2011 Northwest Territories general election

19 seats in the Legislative Assembly of the Northwest Territories
| Premier before election Floyd Roland | Premier after election Bob McLeod |

= 2011 Northwest Territories general election =

The 2011 Northwest Territories general election was held on October 3, 2011. Nineteen members were returned to the 17th Legislative Assembly from single member districts conducted under first-past-the-post voting system.

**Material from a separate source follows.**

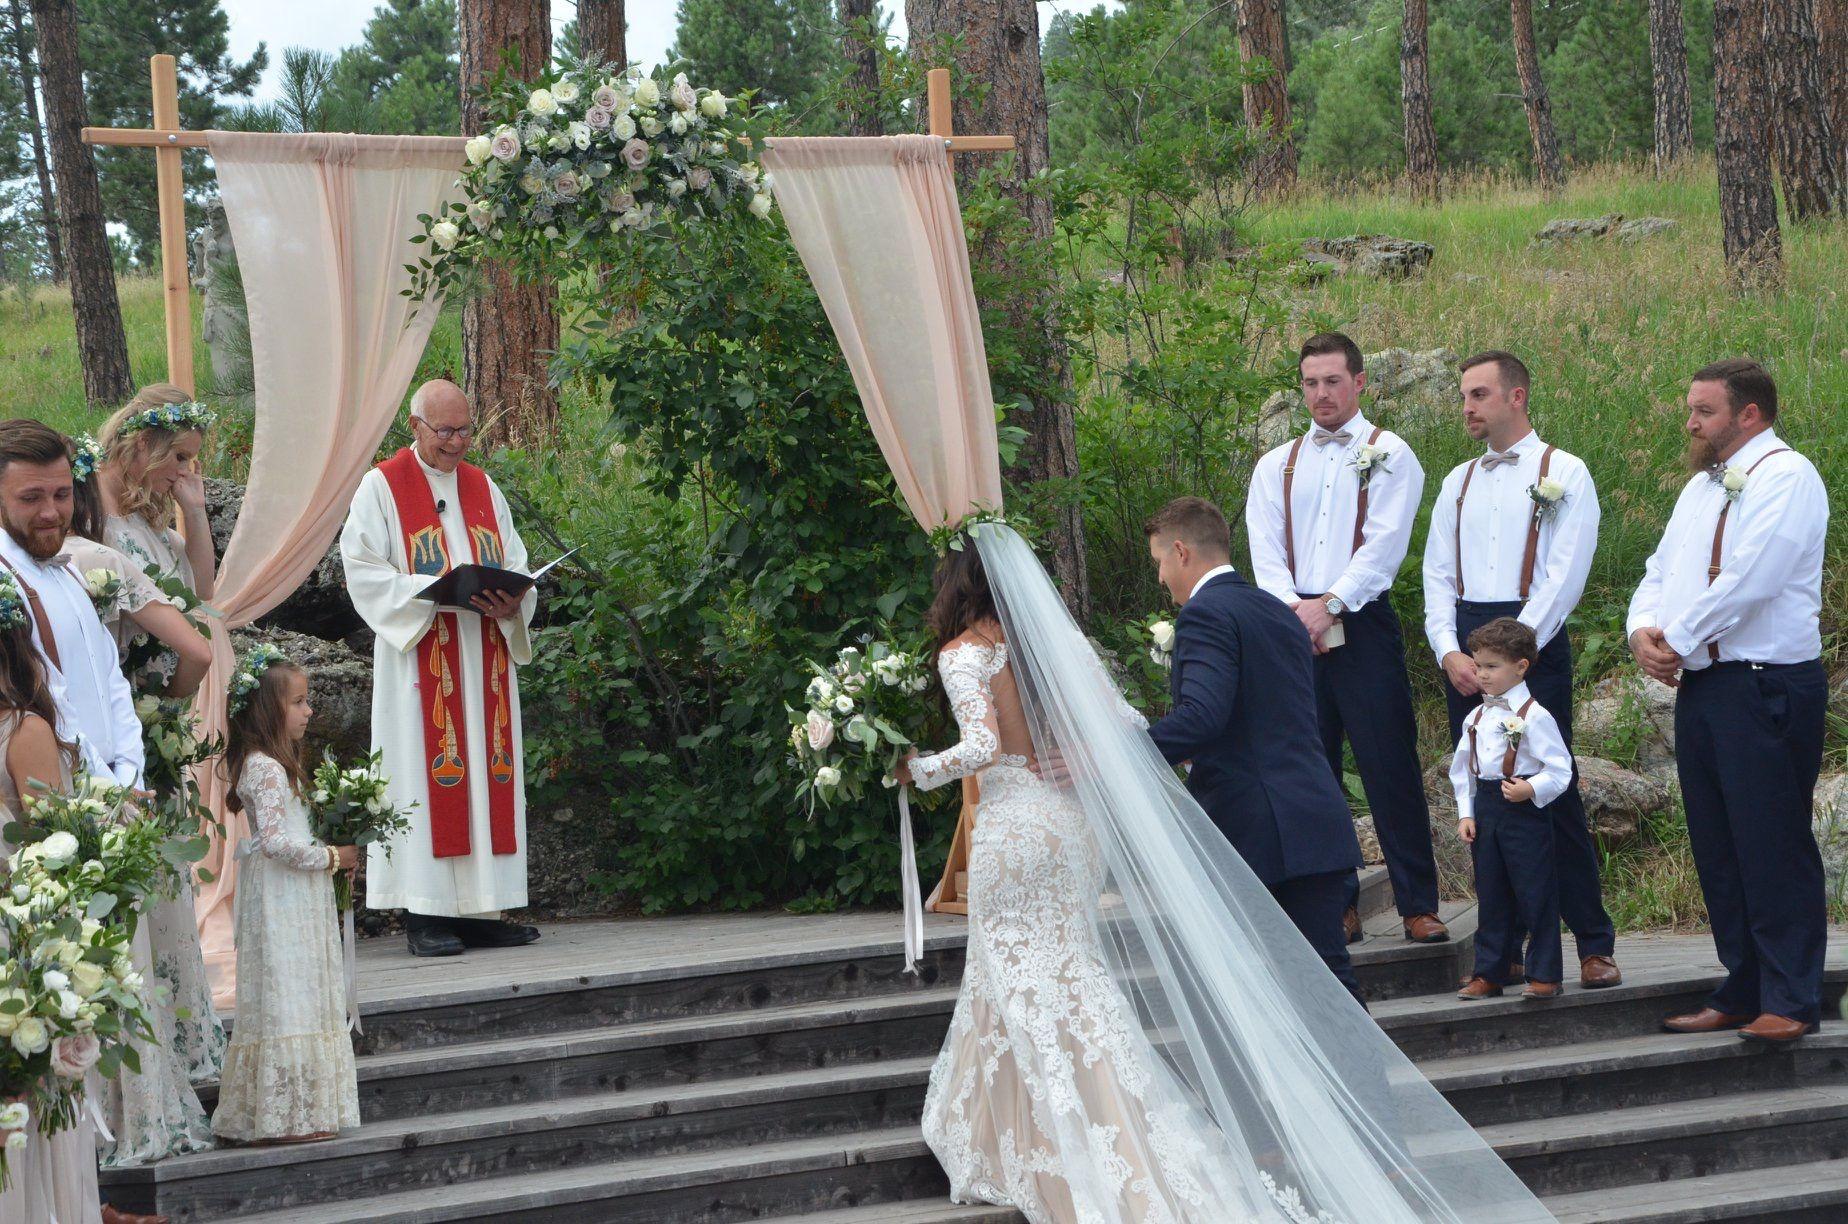 Brianna and Cody Destination wedding venues, Outdoor

The territory operates on a consensus government system with no political parties; the premier is subsequently chosen by and from the Members of the Legislative Assembly (MLAs).

Three incumbent MLAs faced no challengers and were acclaimed back into office in their districts. Five new MLAs were elected, although only one defeated an incumbent; all of the other four won in open seats where the incumbent MLA did not run for re-election.

==New Premier and cabinet==
After the election the elected members of the Assembly will gather to choose the 12th Premier of the territories. Incumbent Premier Floyd Roland has chosen not to stand for re-election in his district. To date no Premier has served two full terms in the Northwest Territories since Frederick Haultain, who won his second term in 1902.

After the members of the legislature have elected the new Premier, the MLAs elect the cabinet ministers from the remaining Assembly members and the Premier then assigns portfolios to the new ministers.

==Election summary==

| Election summary | # of candidates |  | Popular vote |  |
| Incumbent | New | # | % |
| Elected candidates | 11 | 5 | 6,193 | 52.66% |
| Acclaimed candidates | 3 | 0 |  |  |
| Defeated candidates | 1 | 27 | 5,567 | 47.34% |
| Total | 47 |  | 11,760 | 100% |
| Voter Turnout % |  |  | Rejected Ballots |  |

==Districts and candidates==

| District | Winner | Second | Third | Fourth | Fifth | Incumbent |
|---|---|---|---|---|---|---|
| Deh Cho | Michael Nadli 394 | Michael McLeod 226 |  |  |  | Michael McLeod |
| Frame Lake | Wendy Bisaro 328 | Duff Spence 240 | Bernard LeBlanc 30 |  |  | Wendy Bisaro |
| Great Slave | Glen Abernethy 476 | Patrick Scott 266 |  |  |  | Glen Abernethy |
| Hay River North | Robert Bouchard 363 | Roy Courtoreille 265 | Beatrice Lepine 133 |  |  | Paul Delorey† |
| Hay River South | Jane Groenewegen 465 | Marc Miltenberger 339 |  |  |  | Jane Groenewegen |
| Inuvik Boot Lake | Alfred Moses 216 | Chris Larocque 211 | Grant Gowans 63 | Paul Voudrach 18 |  | Floyd Roland† |
| Inuvik Twin Lakes | Robert McLeod Acclaimed |  |  |  |  | Robert McLeod |
| Kam Lake | Dave Ramsay 356 | Darwin Rudkevitch 118 | Victor Mercredi 45 | Bryan Sutherland 28 |  | Dave Ramsay |
| Mackenzie Delta | Frederick Blake, Jr. 190 | Taig Connell 150 | Eugene Pascal 127 | Mary Clark 89 | Glenna Hansen 66 | David Krutko† |
| Monfwi | Jackson Lafferty 739 | Bertha Rabesca Zoe 600 |  |  |  | Jackson Lafferty |
| Nahendeh | Kevin Menicoche 431 | Bertha Norwegian 127 |  |  |  | Kevin Menicoche |
| Nunakput | Jackie Jacobson 312 | Eddie Dillon 199 |  |  |  | Jackie Jacobson |
| Range Lake | Daryl Dolynny 277 | David Wasylciw 210 | Beaton Mackenzie 167 | Norman Smith 64 |  | Vacant |
| Sahtu | Norman Yakeleya 463 | Rocky Norwegian 312 |  |  |  | Norman Yakeleya |
| Thebacha | Michael Miltenberger 526 | Peter Martselos 426 | Jeannie Marie-Jewell 263 |  |  | Michael Miltenberger |
| Tu Nedhe | Tom Beaulieu Acclaimed |  |  |  |  | Tom Beaulieu |
| Weledeh | Bob Bromley 624 | Mark Bogan 79 |  |  |  | Bob Bromley |
| Yellowknife Centre | Robert Hawkins 427 | Arlene Hache 312 |  |  |  | Robert Hawkins |
| Yellowknife South | Bob McLeod Acclaimed |  |  |  |  | Bob McLeod |

- Note: Bold denotes a member of the cabinet and speaker of the Assembly, the Premier is denoted in bold italic.